A price of a basket of goods is the amount of money paid for the basket. We can also say that the amount of money paid for a basket of goods is the purchasing power of money with respect to the basket of goods.

If in the US the price of a basket of goods is one dollar, and in Europe an identical basket of goods is sold for 2 euros then the rate of exchange between the US dollar and the euro must be two euros per one dollar.

The Money Supply and Purchasing Power

An important factor in setting the purchasing power of money is the supply of money. If over time the rate of growth in the US money supply exceeds the rate of growth of the European money supply, all other things being equal, this will put pressure on the US dollar.

Since a price of a good is the amount of money per good, this now means that the prices of goods in dollar terms will increase faster than prices in euro terms, all other things being equal.

Price Changes Do Not Occur All at Once, or Evenly

Changes in a local money supply affect its general purchasing power with a time lag, and this means that changes in relative money supply affect the currency rate of exchange also with a time lag.

When money is injected into the economy it starts with a particular market before it goes to other markets. This is the reason for the lag.

When it enters a particular market it pushes the price of a good in this market higher. More money is spent on given goods than before.

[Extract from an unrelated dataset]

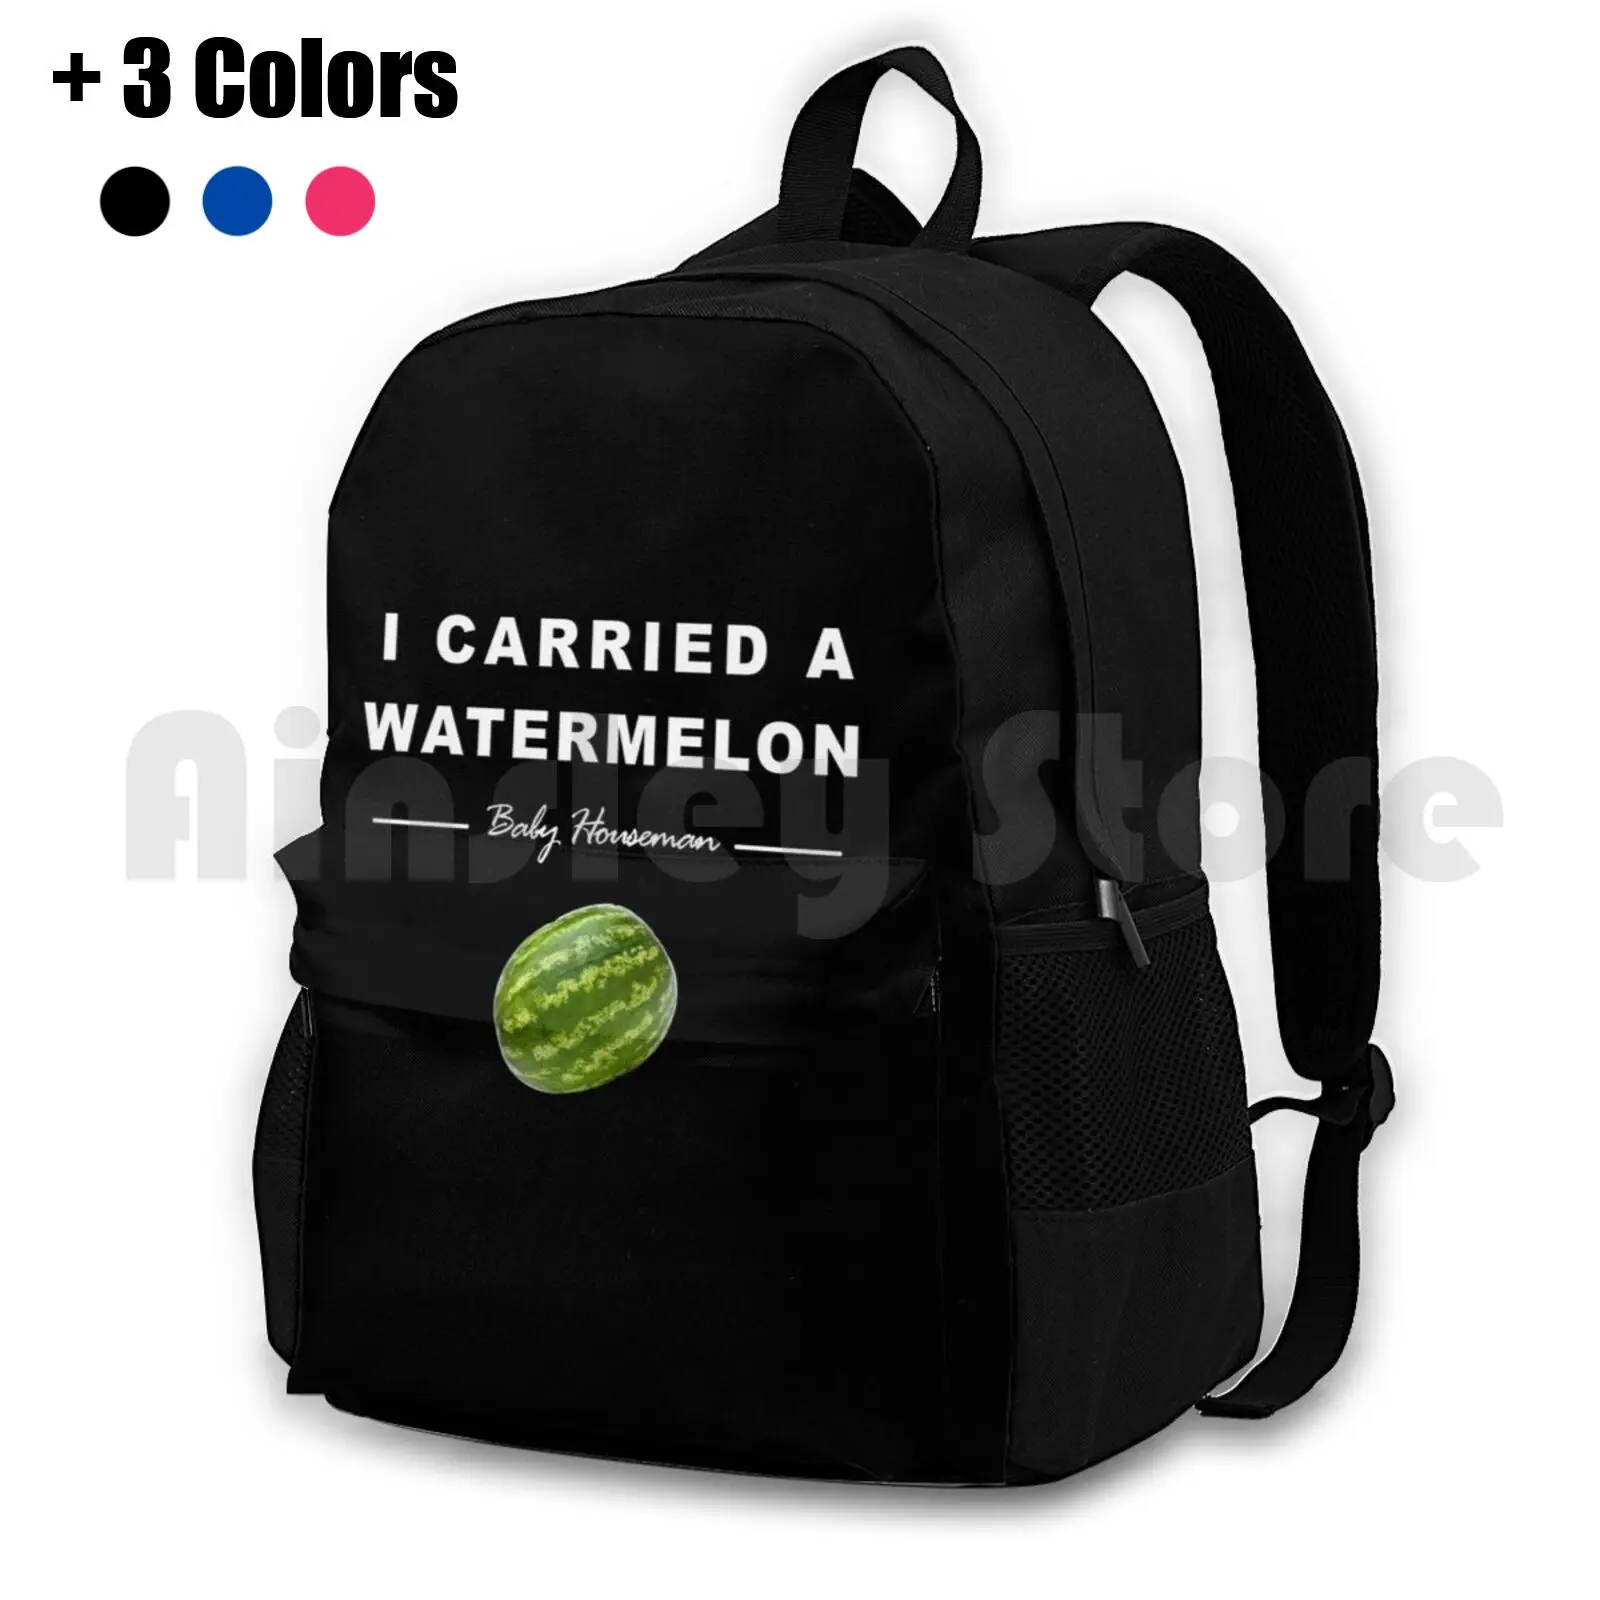 

I Carried A Watermelon Outdoor Hiking Backpack Riding Climbing Sports Bag Dirty Dancing Baby Movie Movie Quote Film Quote 80S

This in turn means that past and present information about the money supply can be employed in ascertaining likely future moves in the currency rate of exchange.

The Demand for Money

Another important factor in driving the purchasing power of money and the currency rate of exchange is the demand for money. For instance, with an increase in the production of goods the demand for money will follow suit.

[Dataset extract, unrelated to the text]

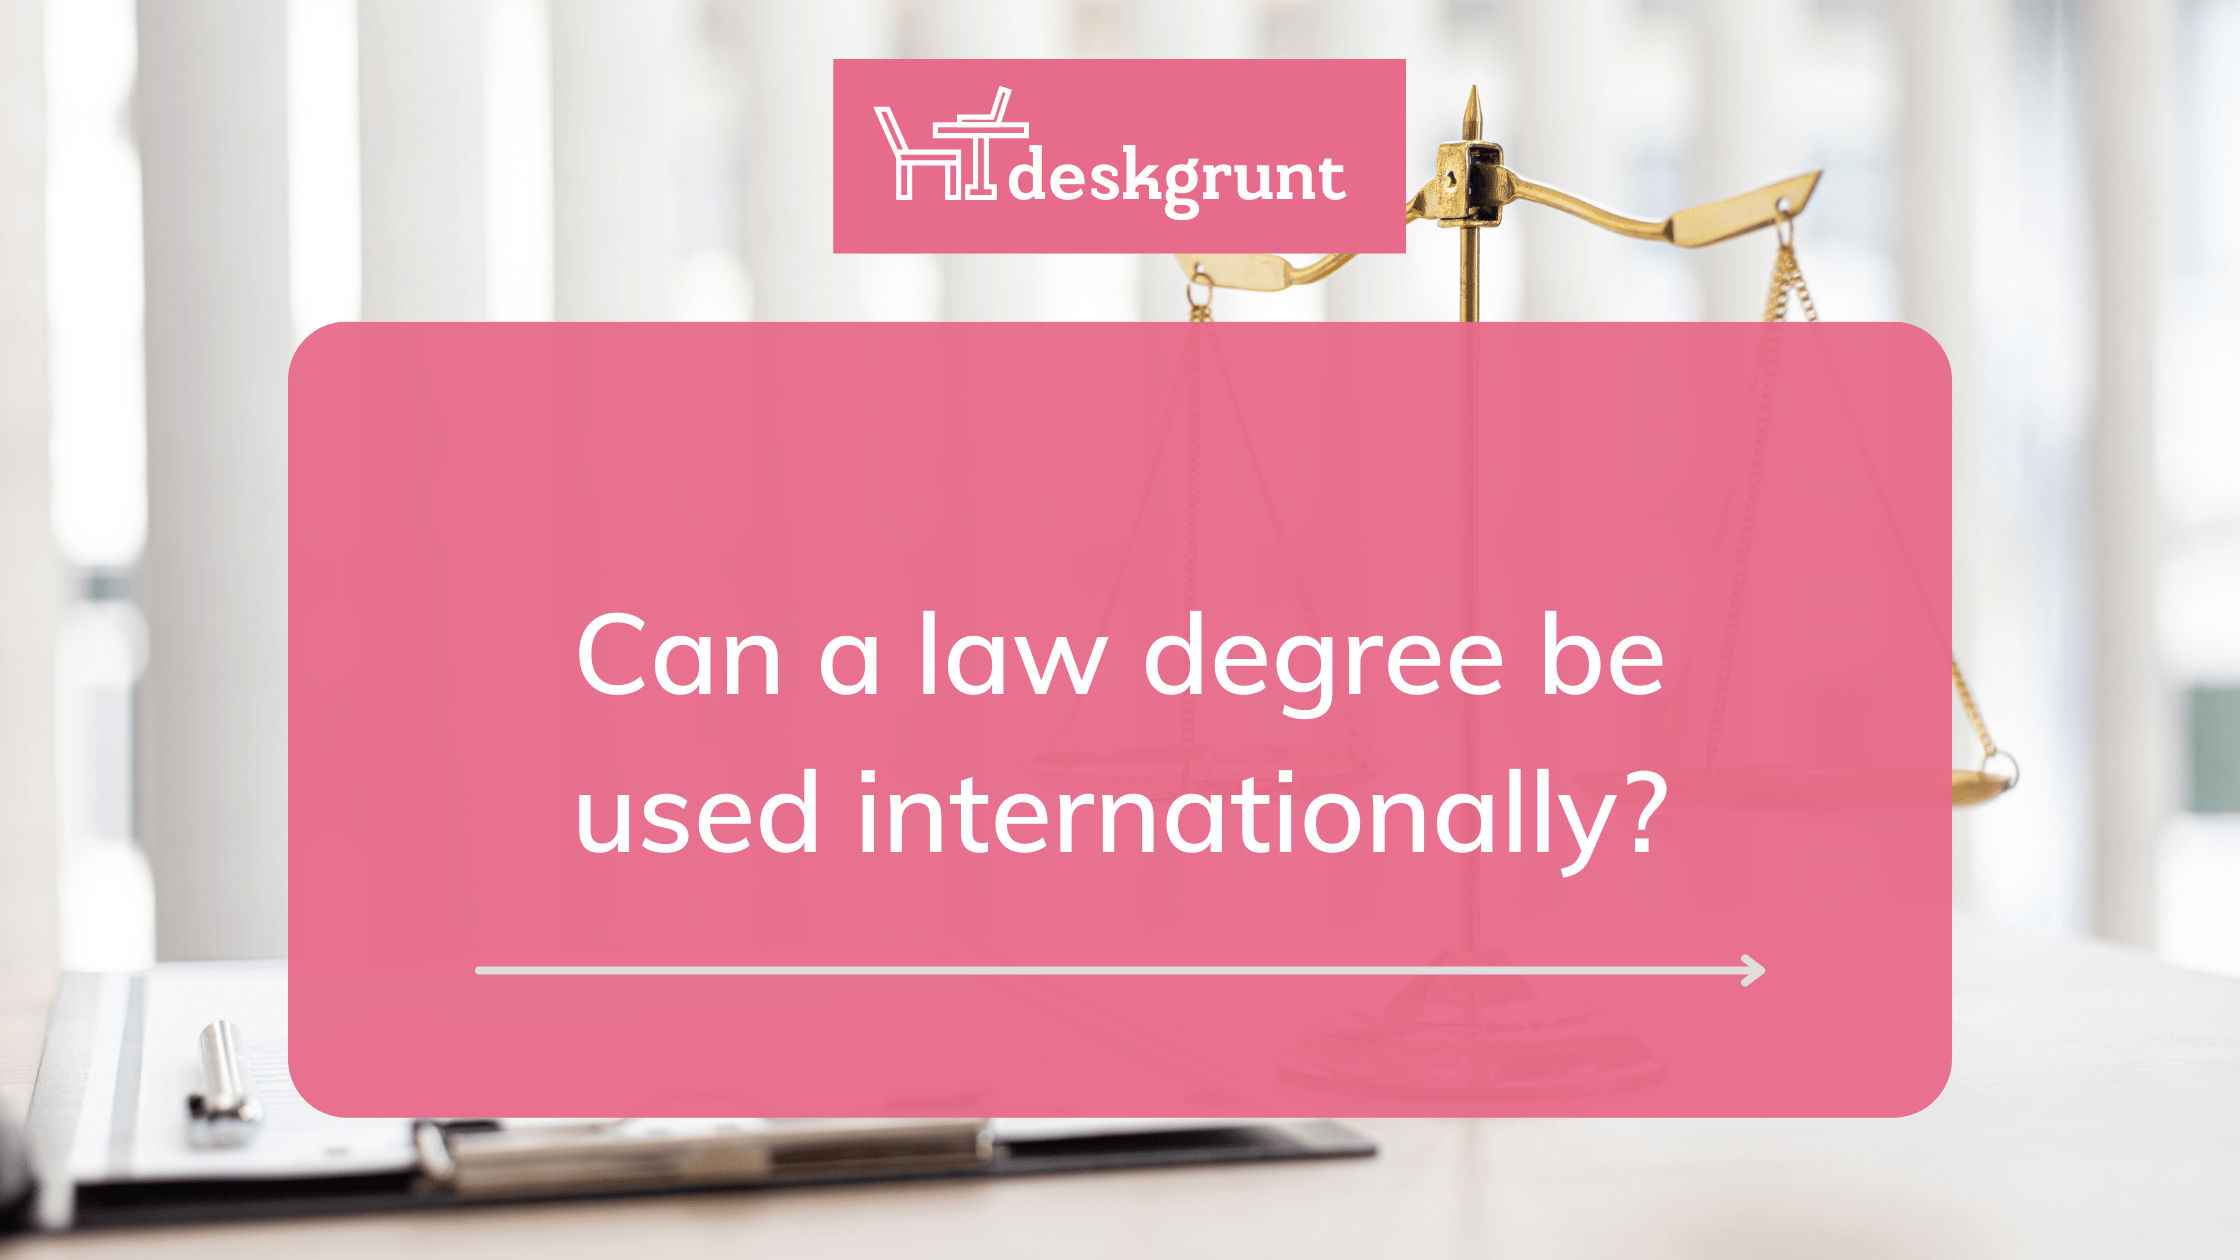 Can a law degree be used internationally

The demand for the services of the medium of exchange will increase since more goods must now be exchanged. As a result, for a given supply of money, the purchasing power of money will increase. Less money will be chasing more goods now.

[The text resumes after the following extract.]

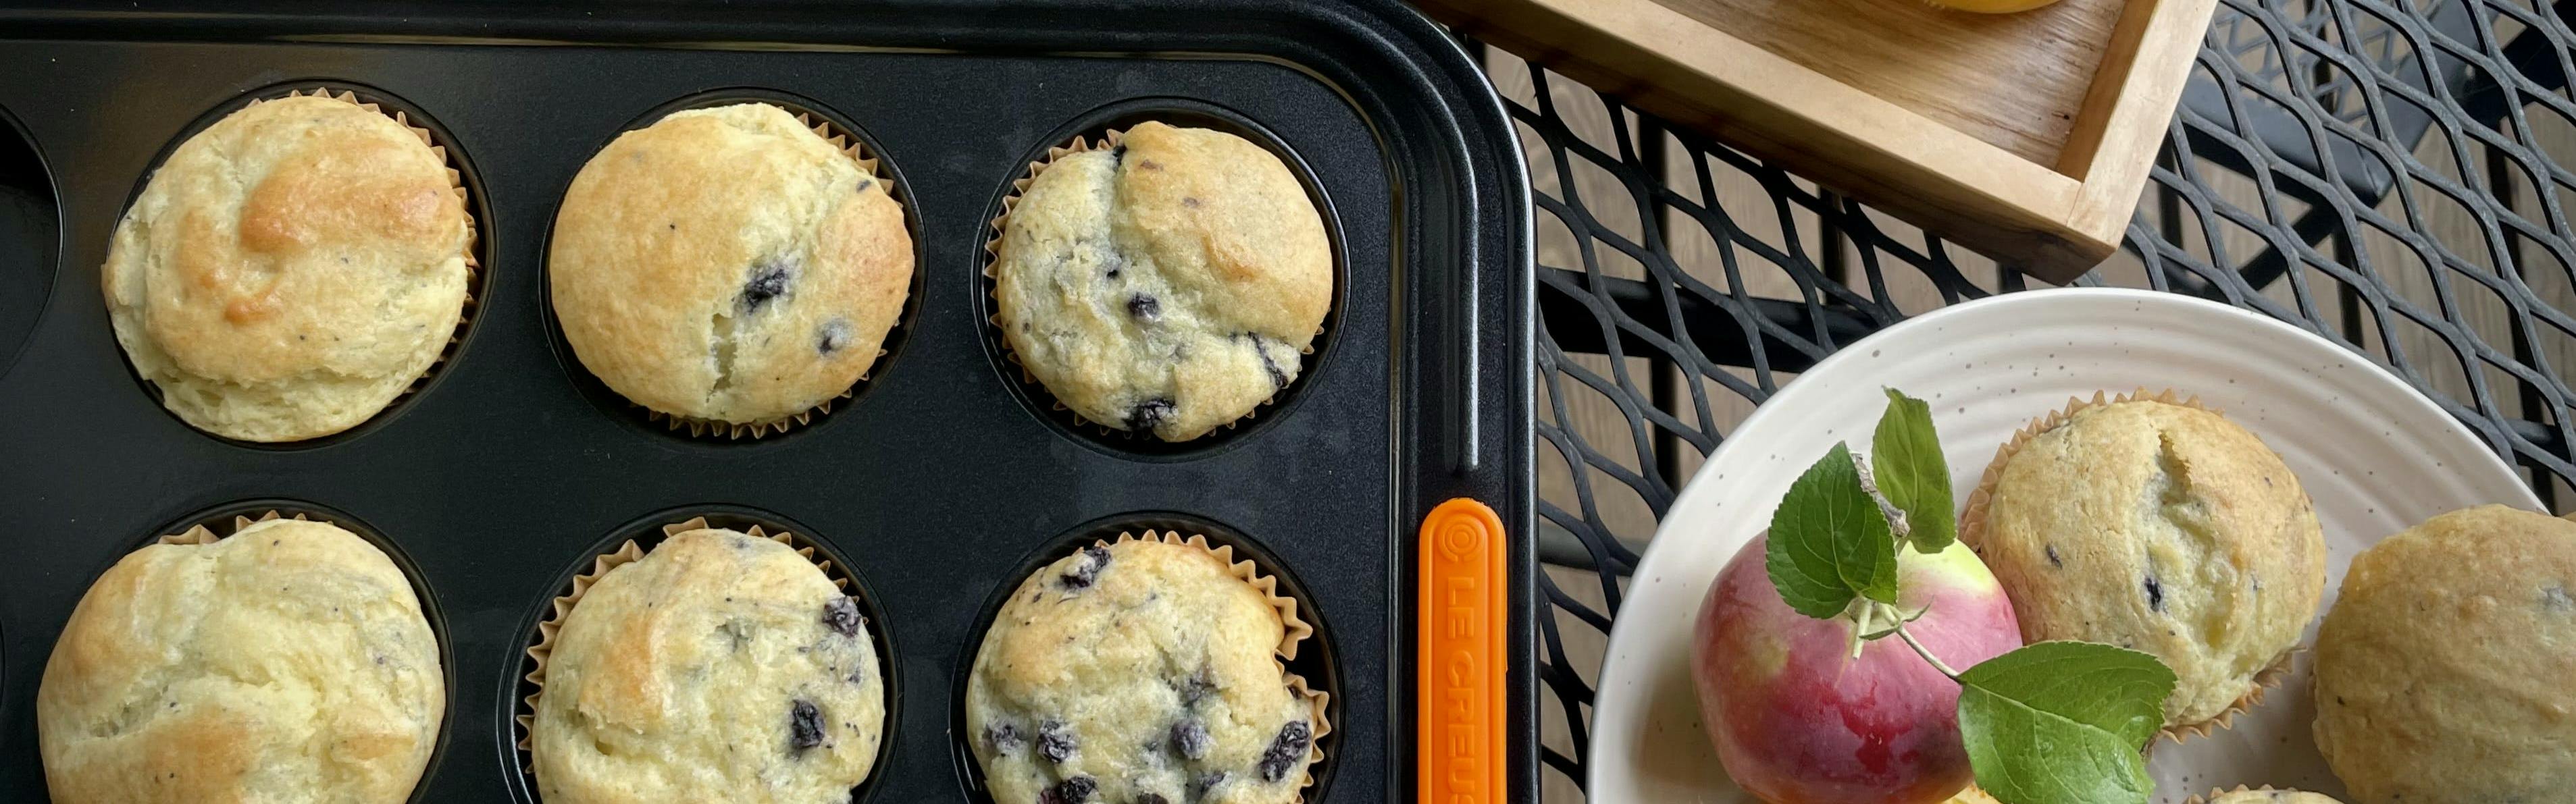 Blueberry muffins in Le Creuset nonstick muffin pan.

Various factors, such as the interest rate differential, can cause a deviation of the currency rate of exchange from the level dictated by relative purchasing power. Such deviations, however, will set corrective forces in motion.

The Role of Central Banks

We saw earlier that if the price of a basket of goods in the US is one dollar and in Europe two euros, then according to the purchasing power framework the currency rate of exchange should be one dollar for two euros.

But, let us now say that the Fed raises its policy interest rate while the European central bank keeps its policy rate unchanged.

As a result of the widening in the interest rate differential between the US and the euro zone, the resulting increase in the demand for dollars pushes the exchange rate in the market toward one dollar for three euros.

This means that the dollar is now overvalued when compared to the relative purchasing power of the dollar versus the euro.

Demand for a Currency Is Affected by Attempts to Gain from Arbitrage

As long as this situation endures, it will pay to sell the basket of goods for dollars, then exchange dollars for euros, and then buy the basket of goods with euros — thus making a clear arbitrage gain. For example, individuals could sell a basket of goods for one dollar, exchange the one dollar for three euros, and then exchange three euros for 1.5 baskets, gaining 0.5 of a basket of goods.

The fact that the holder of dollars will increase his/her demand for euros in order to profit from the arbitrage will then make euros more expensive in terms of dollars — pushing the exchange rate back in the direction of one dollar for two euros. An arbitrage will always be set in motion if the rate of exchange deviates, for whatever reasons, from the underlying rate of exchange.

All of these factors continue to affect the relative value of the US dollar to the euro. Relative to the euro, however, the US dollar is growing in value as the euro declines. After closing at 5.5 percent in June 2014, the money growth differential between the US and the euro zone fell to minus 4.8 percent in February this year. This means that relative to the euro zone, US money growth has weakened significantly. From a monetary perspective, this suggests the US dollar will continue to increase in value against the euro in the months ahead, all other things being equal.